2014...the year of LEGAL recreational cannabis

Legal Recreational Cannabis Industry Opens in Colorado



Crowds were serenaded by live music as they waited for the nation's first legal recreational pot shops to open. They ate doughnuts and funnel cakes as glass-blower made smoking pipes. Some tourists even rode around in limos eager to try weed.
And when the sales began, those who bought the "drug" emerged from the stores, receipts held high and carrying sealed shopping bags, to cheers.
"I'm going to frame the receipt when I go home, to remind myself of what might be possible: Legal everywhere," said musician James Aaron Ramsey, 28, who did some time in jail for pot possession in Missouri and played folk tunes with his guitar for those in line.
Activists hope he's right, and that the experiment in Colorado will prove to be a better alternative to the costly American-led drug war, produce the kind of revenue that state officials hope and save the government costs in locking up drug offenders. You would think that once other states see the numbers in black and white they won't be able to argue anymore.
On the first day, prices in some places rose to more than $500 an ounce, and some shops announced mid afternoon they would close early because of short supply. It's too soon to say whether the price spikes and long lines will persist.
Washington state will open its pot industry later this year. Both states' programs will be watched closely not just by officials in other states but by activists and governments in other countries because the industries will be the first to regulate the production and sale of cannabis.
Some countries have decriminalized, and the Netherlands lets people buy and sell it but it's illegal to grow or process it.
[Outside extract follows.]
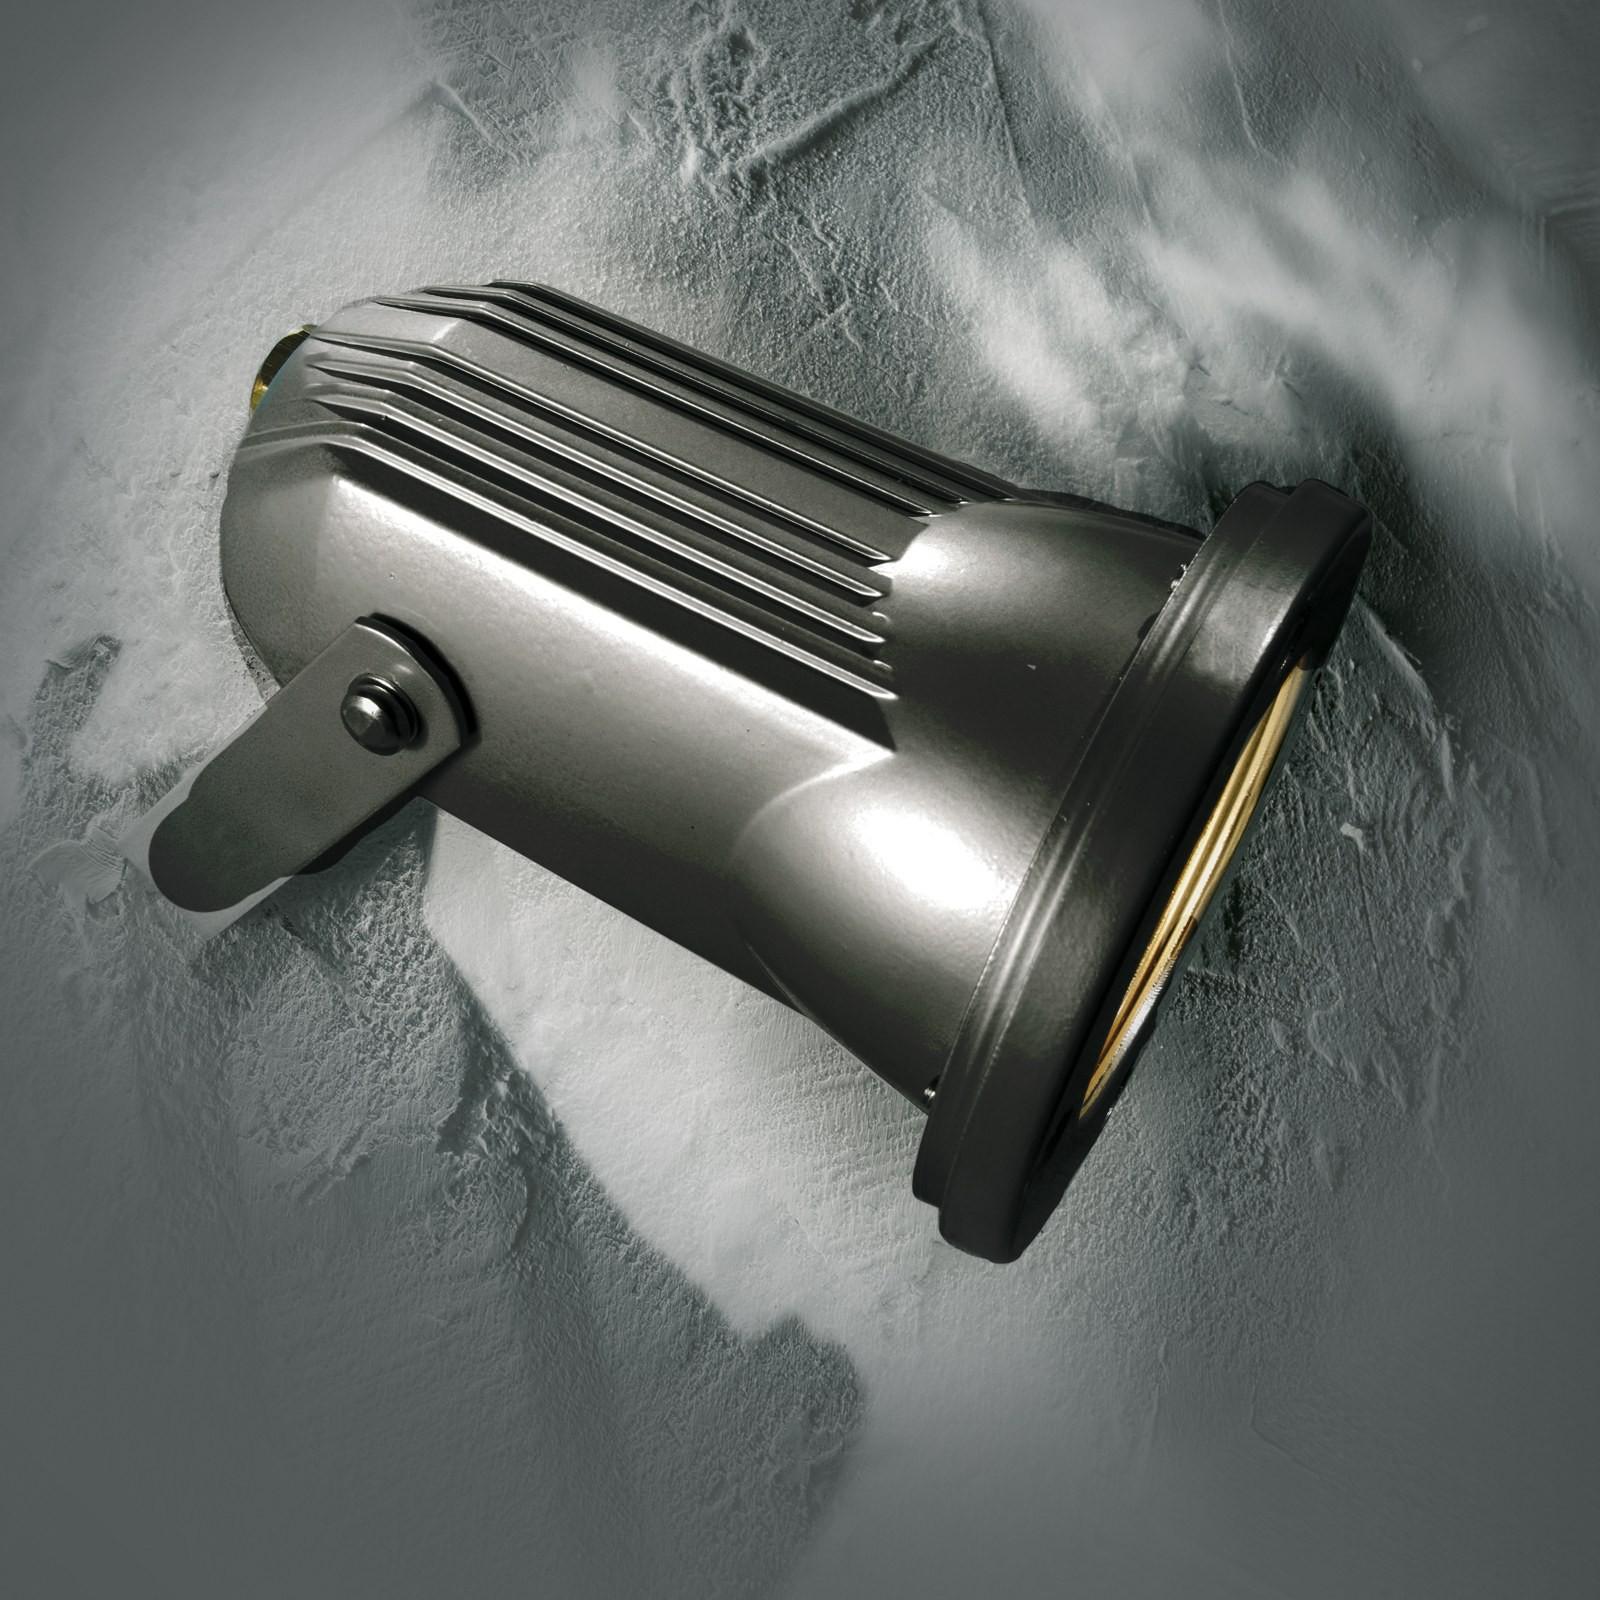 Faretti A Terra Da Esterno: Faretti a terra da esterno lampade diluxlight prodotti per.

Uruguay is the only country to completely legalize...as of now : )
Just as shops opened Wednesday, the Denver Police Department tweeted, "Do you know the law?" and linked to city websites on state and local laws that include bans on public consumption, driving under the influence, taking marijuana out of state and giving pot to anyone under 21.
Denver police said one person was issued a summons for public consumption. The Colorado State Patrol reported no pot-related incidents. No pot-related incidents were reported at Denver International Airport, where signs warned travelers that they can't take it home.
At least 24 cannabis shops in eight towns opened. In Denver, pot users welcomed the new year and the new industry by firing up bongs and cheering in a cloud of marijuana smoke at a 1920s-themed "Prohibition Is Over" party — a reference to the 1930s-era law that outlawed marijuana.
Shopper Jacob Elliott said he wrote reports in college about the need to end pot prohibition but never thought it could happen in his lifetime.
"This breaks that barrier," said Elliott, who traveled to Colorado from Leesburg, Va., to be among the first to buy legal weed.
Preparation for the retail market started more than a year ago, soon after Colorado and Washington voters in 2012 approved legal pot industries. Uruguay passed a law in December to become the first nation to regulate pot, but regulatory system isn't in place yet.
Pot advocates, who had long pushed legalization as an alternative to the drug war, had argued it would generate revenue for state coffers — and in Colorado's case to support education — and save money by not locking up low-level drug offenders and non violent criminals.
"I feel good about it. The money's going to schools," said shopper Joseph Torres of Denver.